Aspirin and other related drugs could fight against skin cancer; Research

Aspirin

Researchers have found that Aspirin and other related drugs may help in reduction of skin cancer.

This research has been published online in May 29 issue of Cancer, a journal of the American Cancer Society.

Researchers studied medical records from northern Denmark from 1991 through 2009, finding 3,242 diagnoses of malignant melanoma, i.e. the deadliest form of skin cancer, along with 1,974 diagnoses of squamous cell carcinoma, and 13,316 diagnoses of basal cell carcinoma. The researchers also worked on prescription data from those patients and information from 178,655 people without skin cancer.

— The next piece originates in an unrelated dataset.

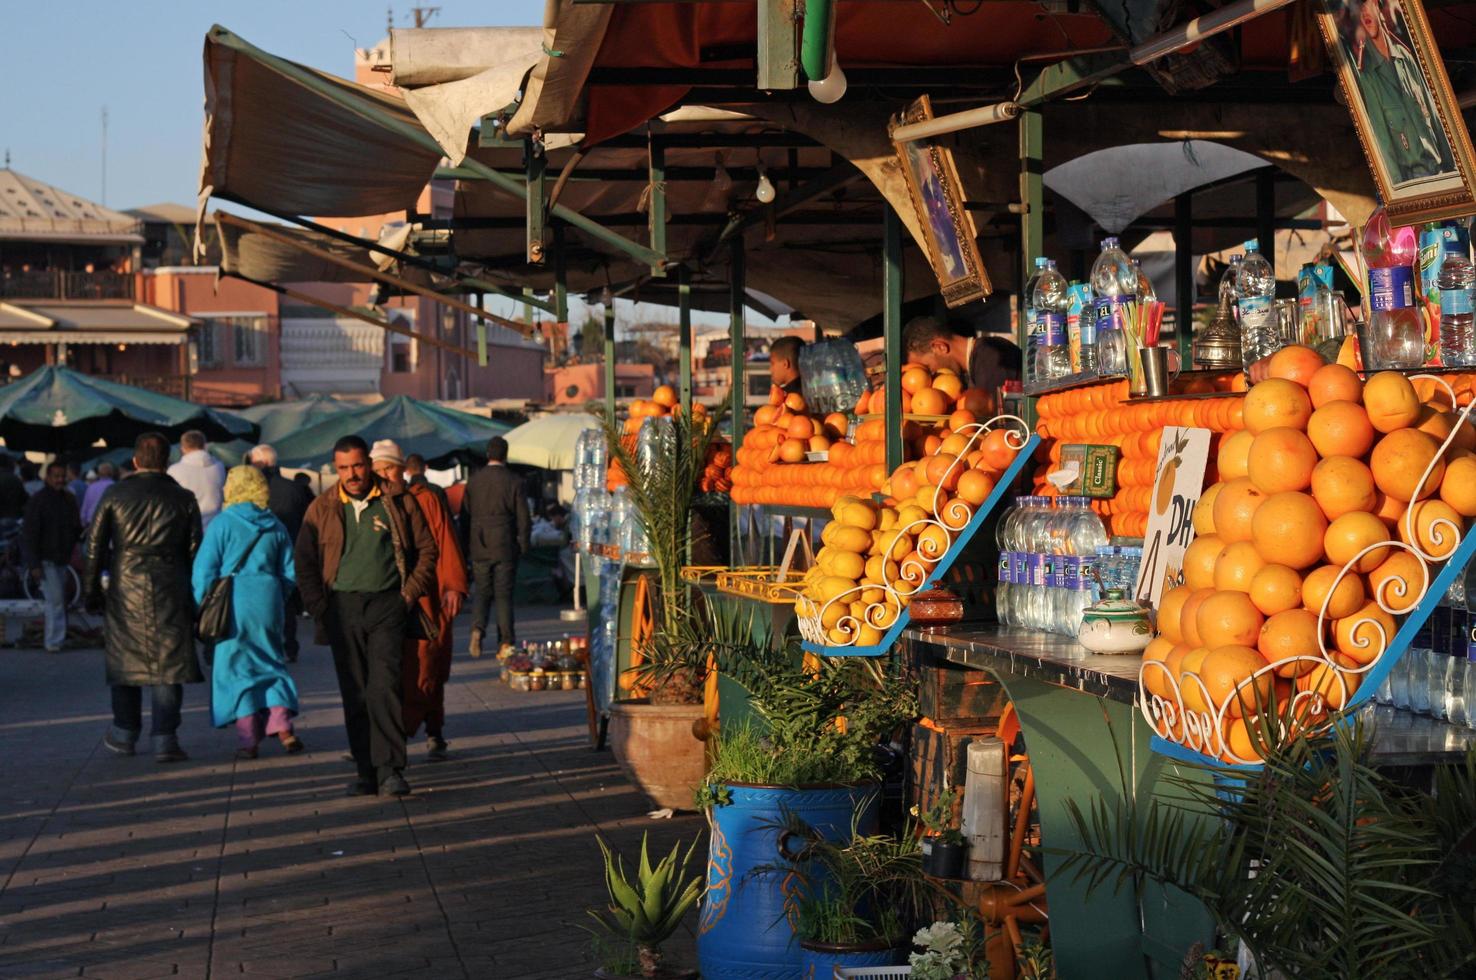 20 février 2018 - fruits frais et jus offerts au souk de marrakech, maroc photo
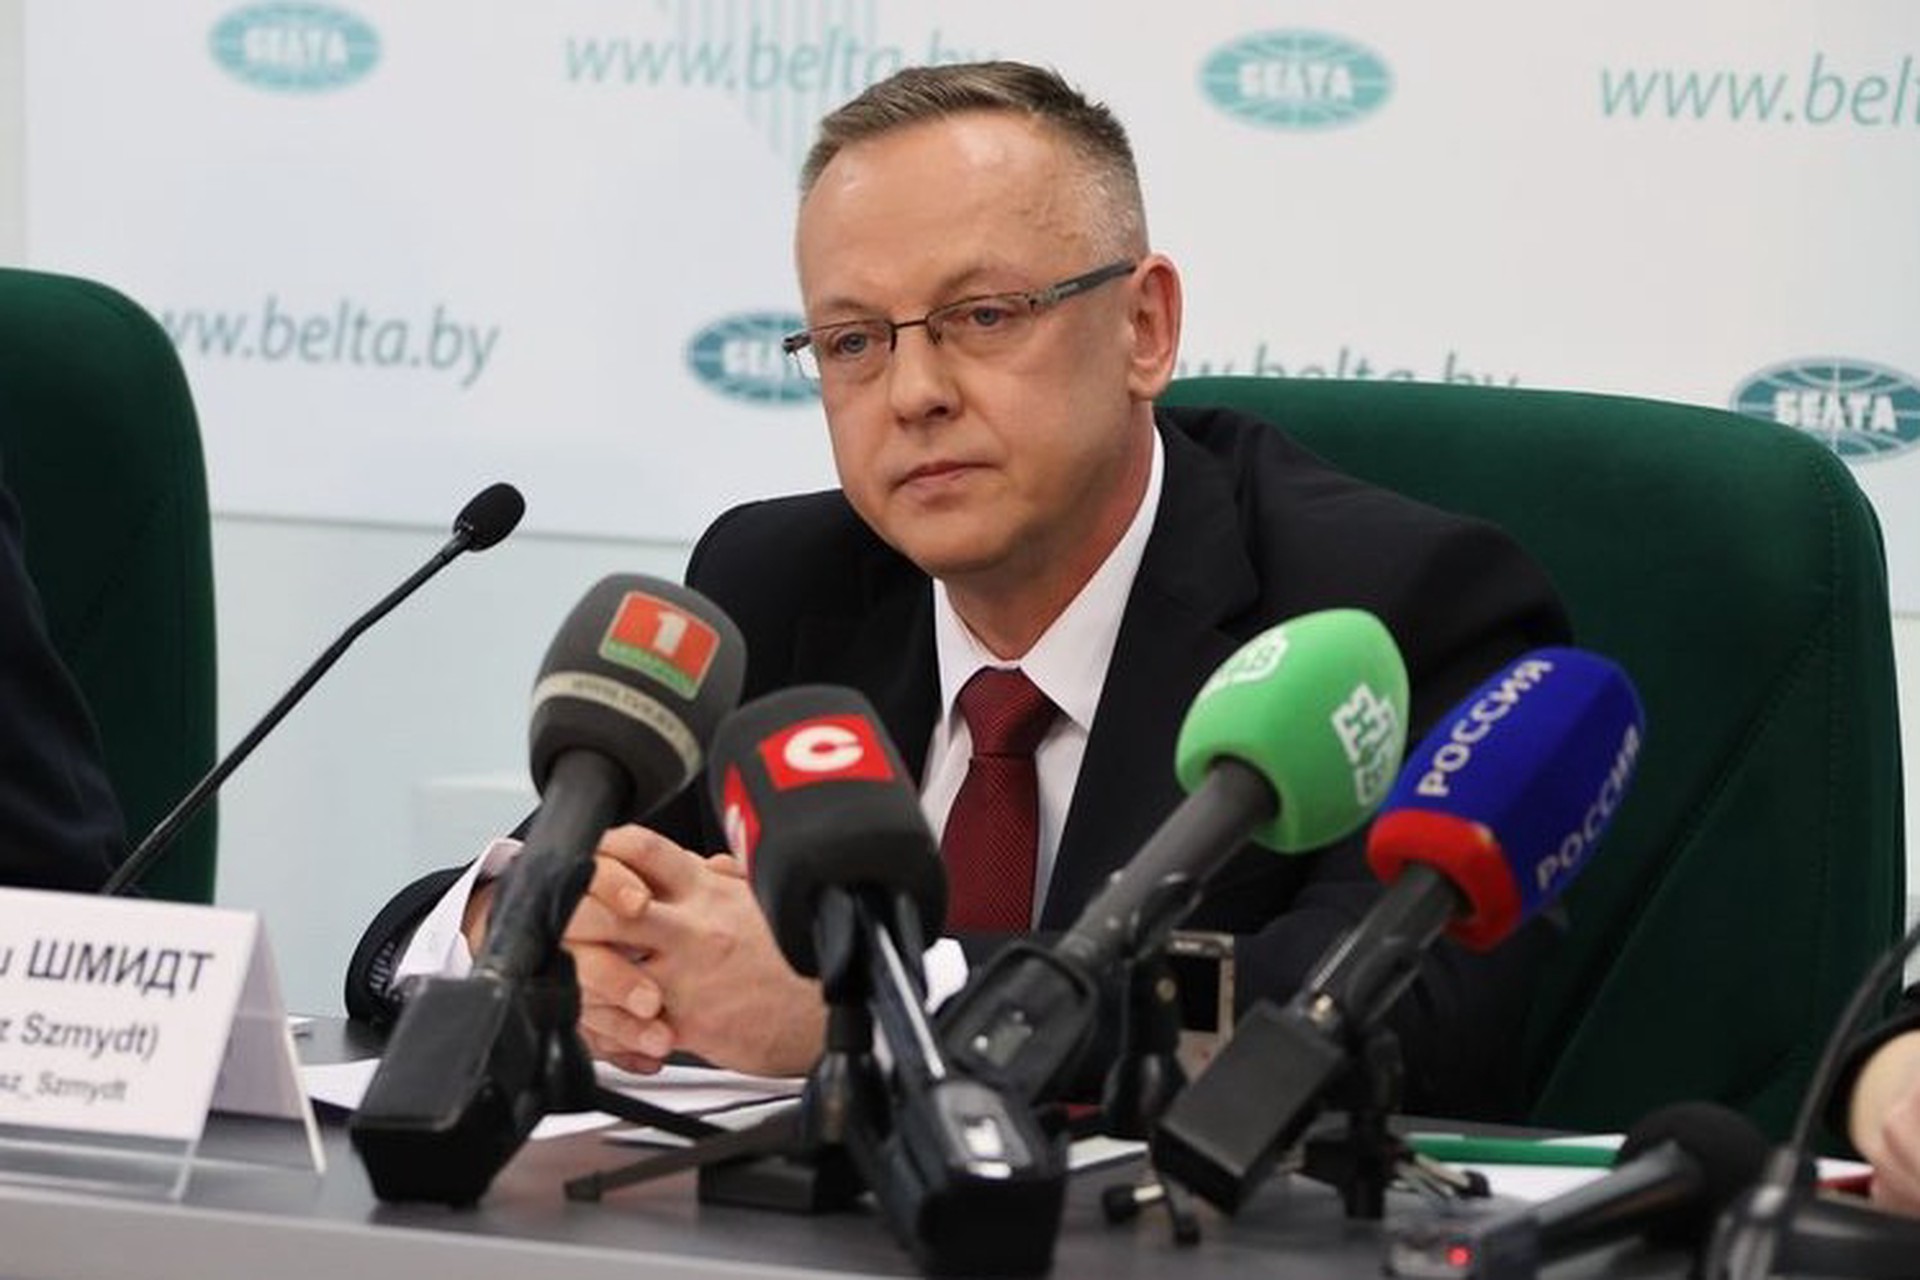 Бывший польский судья Шмидт заявил о подготовке международного ордера на его арест

Researchers found that not only Aspirin but other similar anti-inflammatory painkillers like Ibuprofen and Naproxen could also reduce the chances of three major types of skin cancer. They found that more than two prescriptions of nonsteroidal anti-inflammatory drugs (NSAIDs) resulted in 15% reduced chances of getting squamous cell carcinoma and 13% reduced chances of getting malignant melanoma than those who filled two or less prescriptions for the said medications. The results are stronger for prescriptions taken for seven or more years or taken at high intensity. It has been found that there are 15% and 21% reduced risk of developing basal cell carcinoma on less-exposed sites, when taken for long time or at high intensity, respectively.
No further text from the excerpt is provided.